Sadly there still exists a huge lack of understanding of acquired brain injury as a hidden disability across a range of professional fields; despite it being the biggest cause of death and disability in children and young people in the UK.  (Currently estimated to be close to 1/3 of the child/young person population and estimated to affect 1 in 5 children in every classroom, in every school, across the UK!   

Unfortunately, brain injured children and young people are often referred to the wrong services, mis-diagnosed as being on the Autism Spectrum or having ADHD, and subsequently treated for the wrong thing – which in some cases has caused serious complications. 
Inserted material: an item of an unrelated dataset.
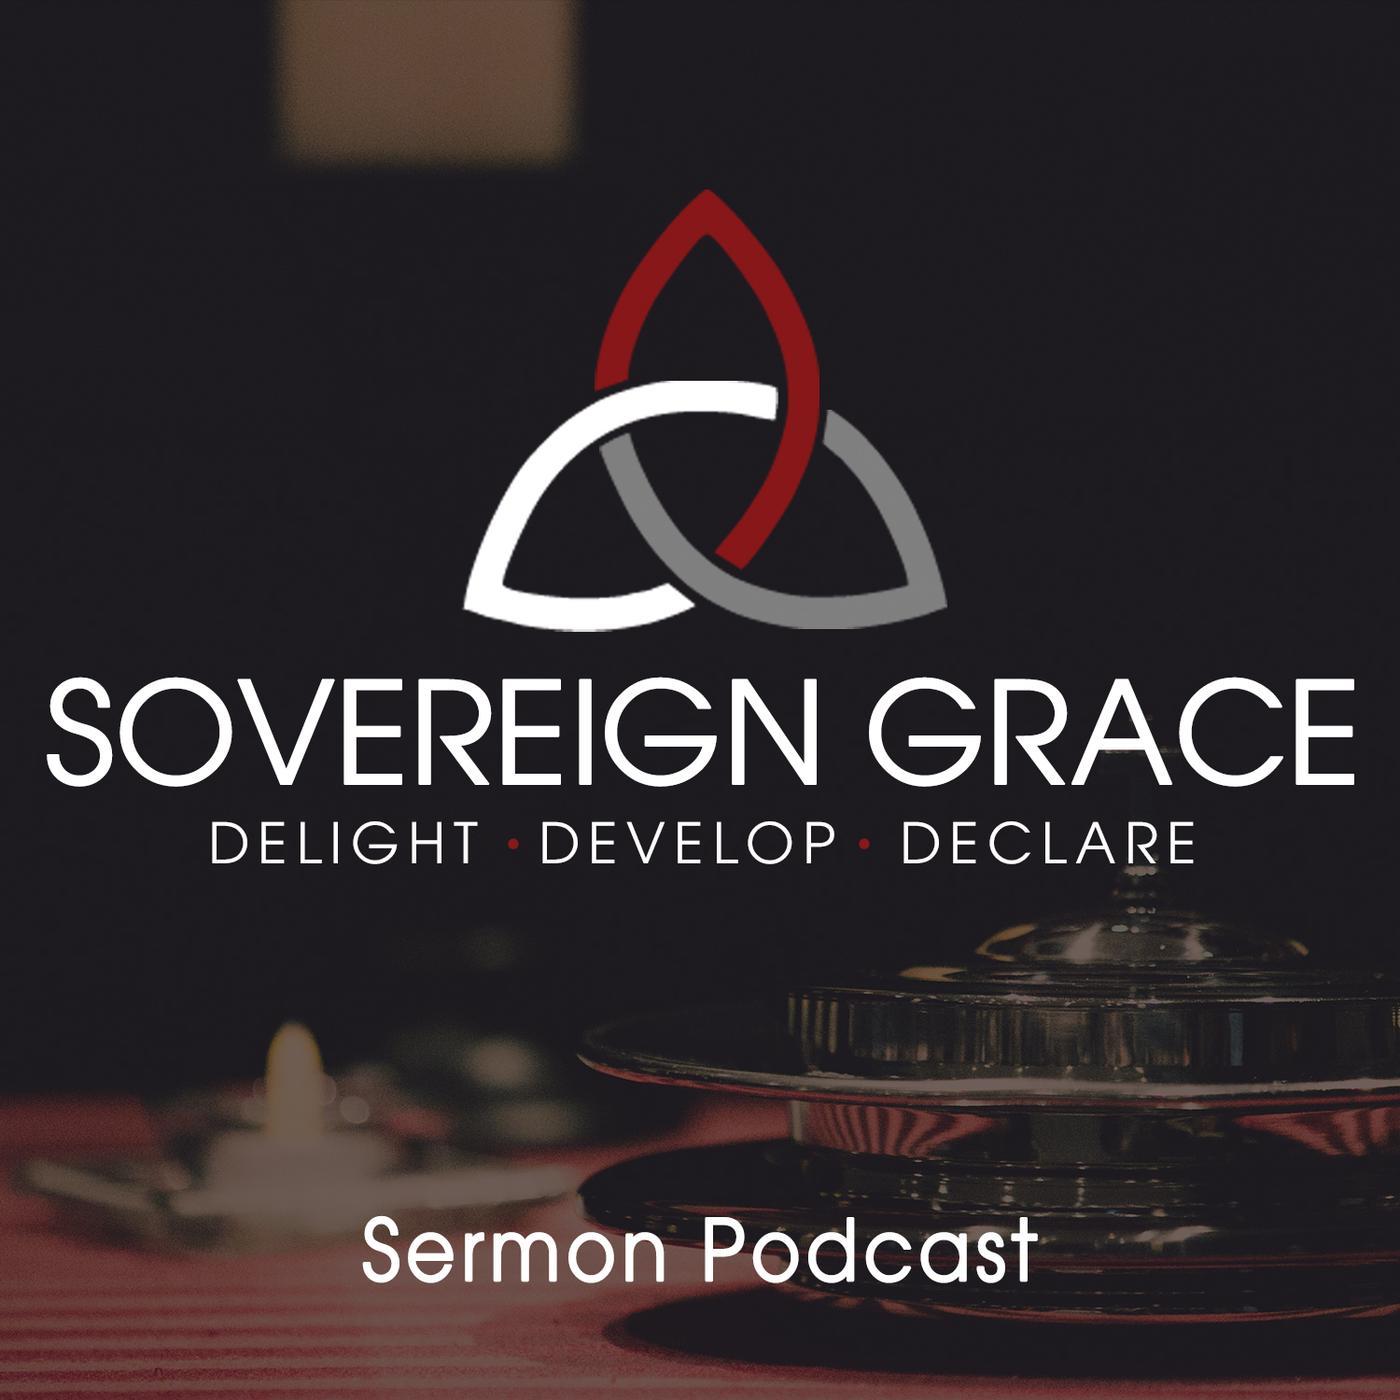 Sovereign Grace Church Sermons (podcast) - Sovereign Grace

Upon their return to school, brain injured children and young people quickly fall behind their peers and when assessed using standard psychological assessment methods, are often diagnosed as having ‘low intellectual ability’ which is often incorrect. This diagnosis appears to create negative mindsets within educational professionals who then lower targets and academic expectations – often assuming ‘they can’t do it anymore’. ‘Strategies’ are then implemented, which do not help the child to recover and by the time they leave school, they still have the same hidden disabilities that continue to affect their day-to-day life and limit their future employment prospects!

Our Approach

Wherever possible, we work in partnership with the child, parents and professionals, to ensure their ongoing and often changing needs continue to be recognised as part of their hidden disability.

We:

• Assess and identify need
• Providing practical restorative support
• Coordinate access to the correct service and
• Advocate for the ongoing needs of brain injured children and young people across a range of statutory and community organisations.

Without Matrix, this does not happen and the needs of this vulnerable cohort continue to be unrecognised and unsupported.